Em noticiário oficial, a líder da Sudam, Caroline Löw, propaga que a Amacro reduzirá pressões ambientais no território, estabelecendo um cinturão de proteção florestal e fomentando uma produção “agrosustentável”. Também avisou que o projeto pode ser aplicado em outras regiões da Amazônia, como Alto Solimões, Ilha do Marajó e Transamazônica. “A Amacro vem como um projeto economicamente viável e ambientalmente sustentável no qual trabalharemos 13 eixos temáticos para melhorar a qualidade de vida da população diversificando a economia na região, além de conservar o meio ambiente”, afirmou.
A base técnica para implantação da Amacro é da Embrapa Territorial. A entidade tem função semelhante no Projeto Matopiba, outro polo do agronegócio entre o Maranhão, Tocantins, Piauí e Bahia. A região concentra aumentos na produção agropecuária e no desmatamento do Cerrado. Estudos de ONGs indicam que as derrubadas são, sobretudo, criminosas. “É outro exemplo de projeto danoso em termos sociais e ambientais, fonte de desmatamento e desenhado sem a participação das comunidades que vivem na região”, descreveu Aguiar.
Ministério do Desenvolvimento Regional e Sudam não atenderam aos nossos pedidos de entrevista até o fechamento da reportagem. Assim, não puderam explicar como garantir sustentabilidade na implantação de um polo econômico num território onde disparam desmate e grilagem de terras públicas.
Na contramão da COP26
O desmatamento e grilagem de terras na Amazônia legal inflam as emissões nacionais de gases que contribuem para a crise global do clima e são acompanhados por violência contra populações indígenas e tradicionais.
Amazonas, Rondônia e Acre somam 482 casos de violência contra esses povos em 2020, incluindo agressões, ameaças e assassinatos, invasões e atrasos na regularização de terras indígenas, segundo dados do Cimi. Uma análise da Trase, que mapeia cadeias produtivas em todo o mundo, ressalta que conter o desmate é a maneira mais eficaz para reduzir as emissões globais de carbono, especialmente por países tropicais como o Brasil. Entre 2012 a 2016, mudanças no uso da terra na Argentina, Paraguai e Brasil liberaram 5,8 milhões de toneladas de gases de efeito estufa.
“O desmatamento na Amacro literalmente vira fumaça, pois quase tudo é queimado.
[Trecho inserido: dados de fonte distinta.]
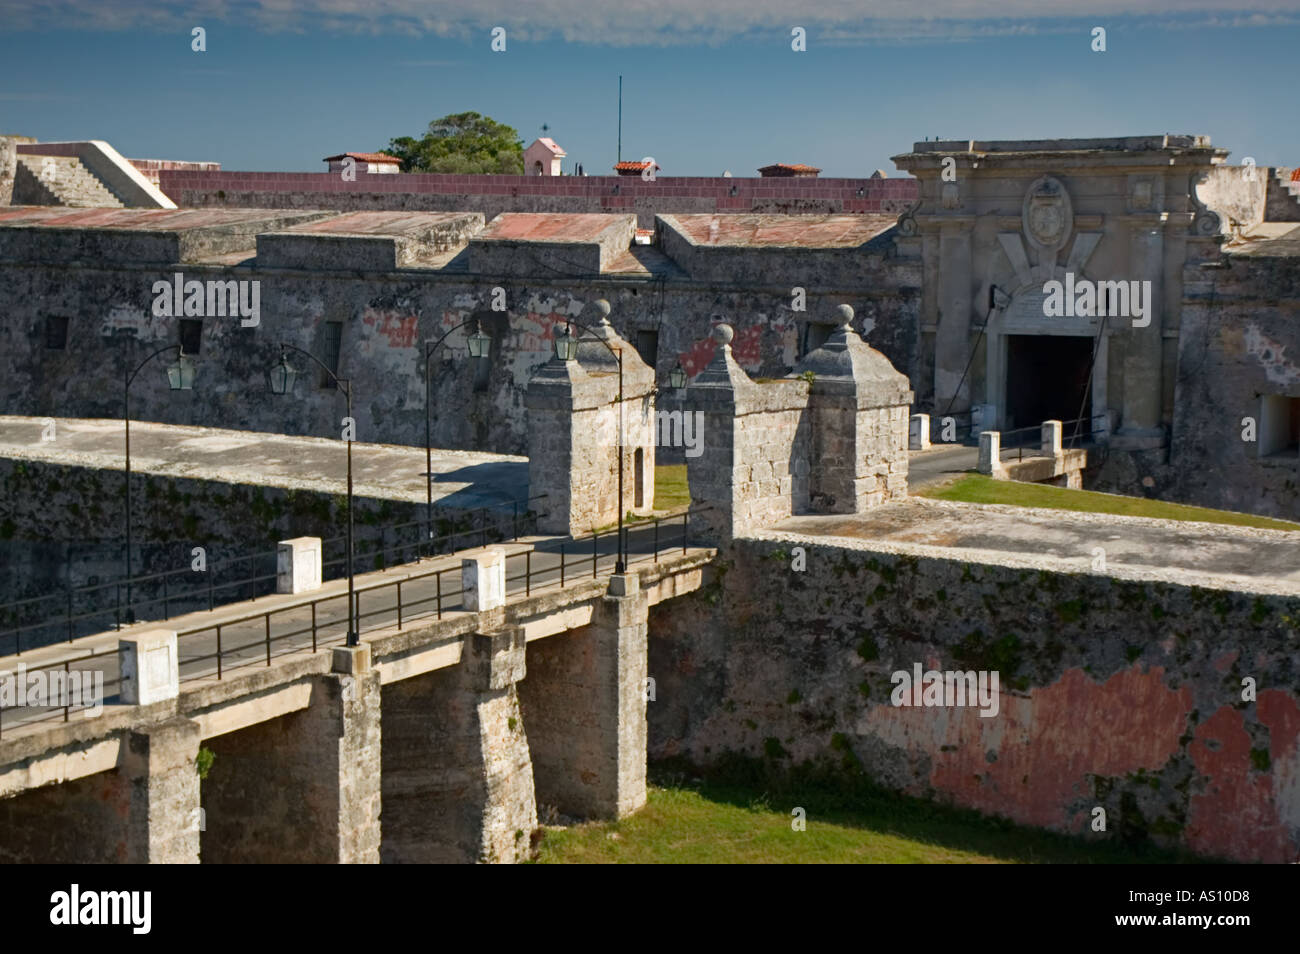 Fortaleza San Carlos de la Cabana, Parque Militar Morro-Cabana, Habana del Este, La Habana, Cuba, Greater Antilles, Caribbean Stock Photo

Em alguns anos, um novo celeiro agrícola na Amazônia será apresentado e consolidado sobre a devastação da floresta, sobre crimes que ficarão impunes. Precisamos de um acordo na COP26 que livre a Amazônia de cadeias de produção e consumo baseadas em commodities”, destacou Aguiar, do Greenpeace Brasil.
Reportagem do InfoAmazonia para o projeto PlenaMata.